Маленькие хитрости Биросты не смогли уберечь его от справедливой кары, которой подвергли его палачи из вооруженного отряда ВКП(б), поспешно заметавшие следы злодеяний.
С трудом дочитав приговор, который ему вручили через три часа после закрытия судебного заседания, Бироста скомкал его в отчаянии и потряс зажатым в кулаке, поднятым над головой. Глаза его заслезились, тело сомлело, стало неистово бухать в висках. Не верилось, не верилось, что жить осталось час-два, может, семьдесят два, он знал, что исполнители расстрельных приговоров никогда не выдерживают сроков, отпущенных на обжалование, поступают так, как им удобно. Могут расстрелять через несколько часов с момента вручения приговора или через несколько суток. «И ни одного доброго слова, ни одного смягчающего обстоятельства! — вспомнил он содержание приговора. — Стоило ли ради этого жить, бороться, о чем-то мечтать…» Он вскочил, заметался по камере, остановился у двери и что было сил стал колотить ее кулаками.

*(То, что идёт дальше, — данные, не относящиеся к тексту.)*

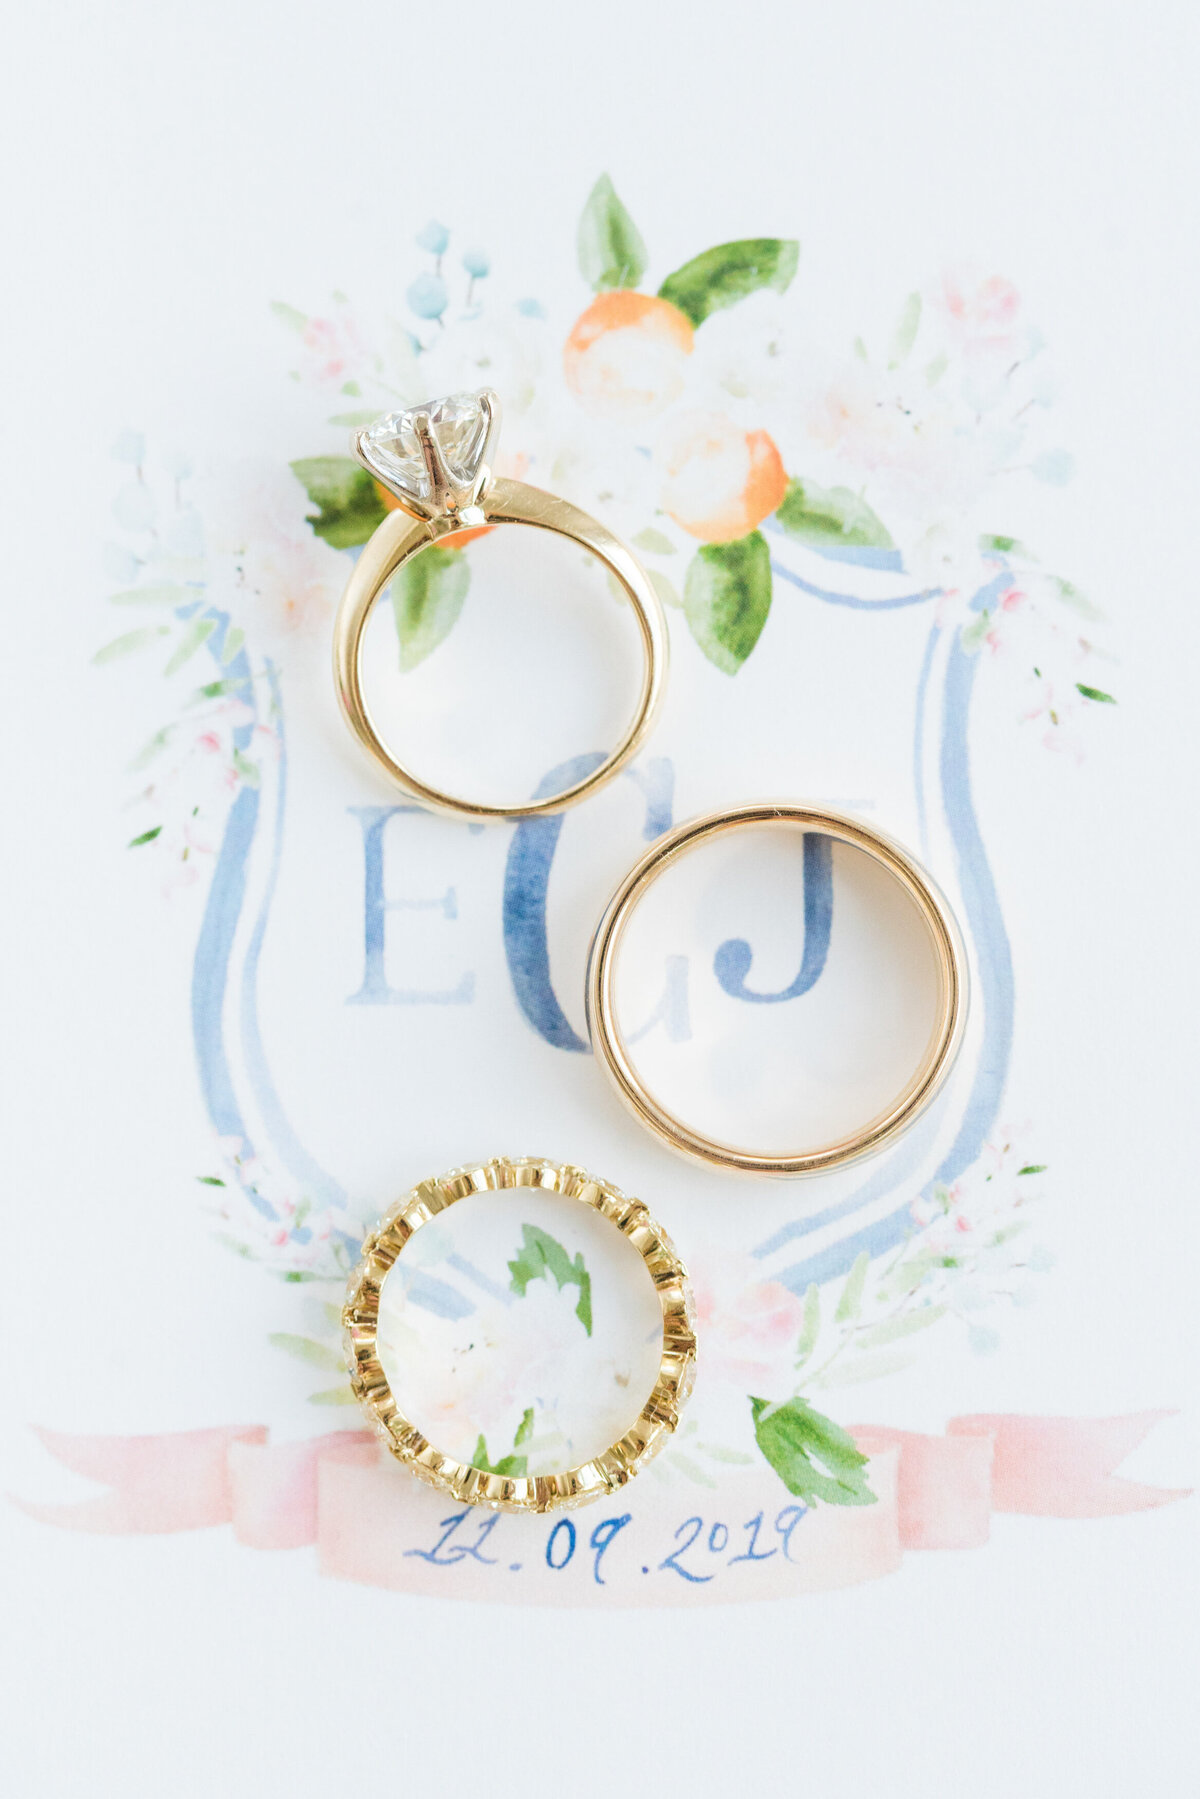 wedding rings styled on invitation crest

— Господи! — крикнул он в потолок. — Я же просил тебя! Я же просил!
По ту сторону двери громко и глумливо засмеялись.
В кабинете остро запахло ваксой: вошел Гальперин в начищенных до блеска сапогах.
— Где вы покупаете ваксу? — спросил Захожай, морща нос.

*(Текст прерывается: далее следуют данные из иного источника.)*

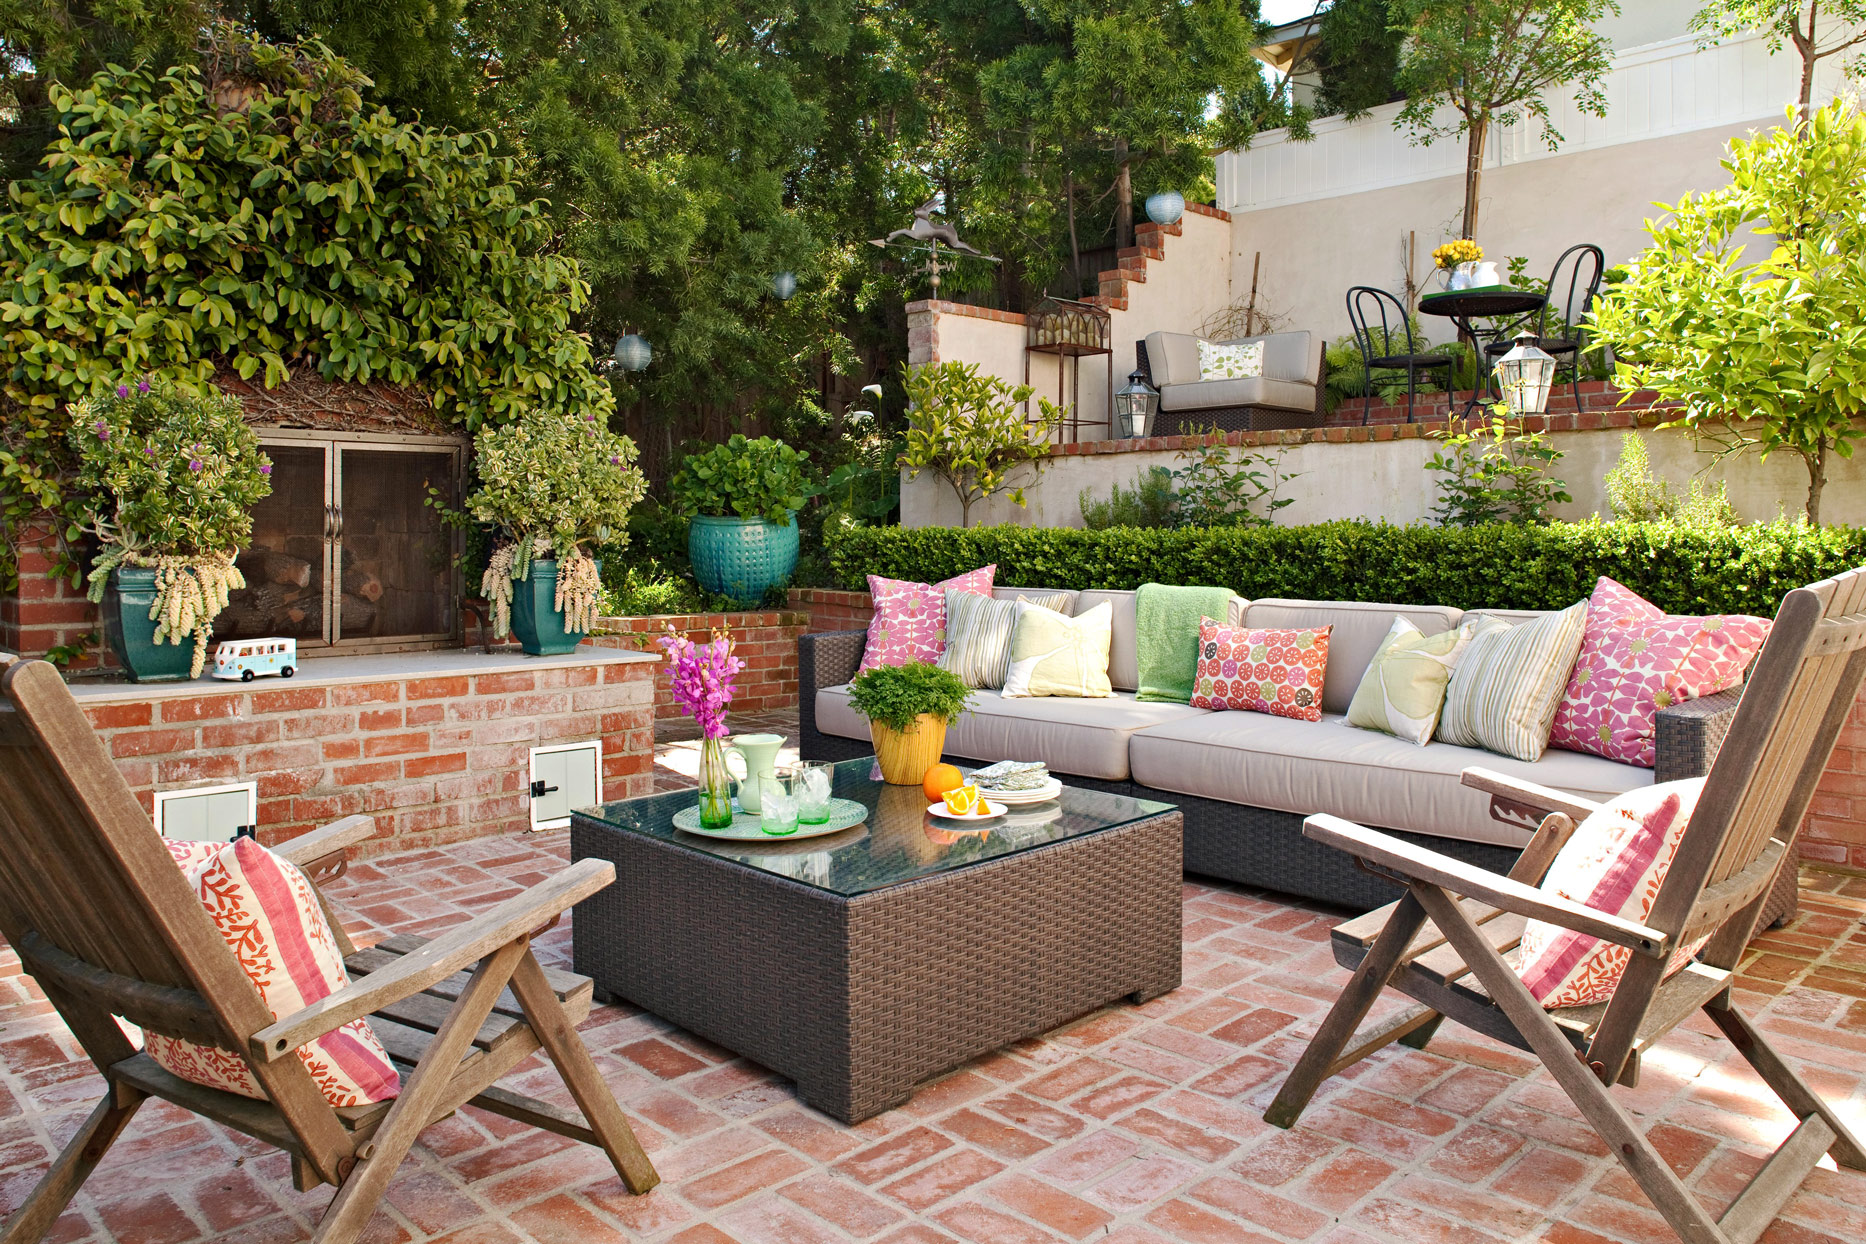 Choosing Between an Outdoor Chair or Sofa for Your Garden

— А что, — не понял военпрокурор, — тебе нужна?
— Боже упаси! Никогда не пользуюсь этой дрянью. Вонь несусветная!
— Не скажи, — улыбнулся Гальперин. — Запах ваксы приятней камерного духа. Я его за версту не переношу, поэтому единственное спасение для меня — вакса. Забивает любой запах.
— Это ж, надо так обосновать, — засмеялся Захожай.
— Так ты пригласил меня, чтобы обсудить вопрос о ваксе?
— Чтобы забить камерный дух, когда приведут Коваленко.
— А-а! Вот то-то! — улыбнулся прокурор и спросил серьезно: — Что с Коваленко? Насколько я помню, он давал твердые показания.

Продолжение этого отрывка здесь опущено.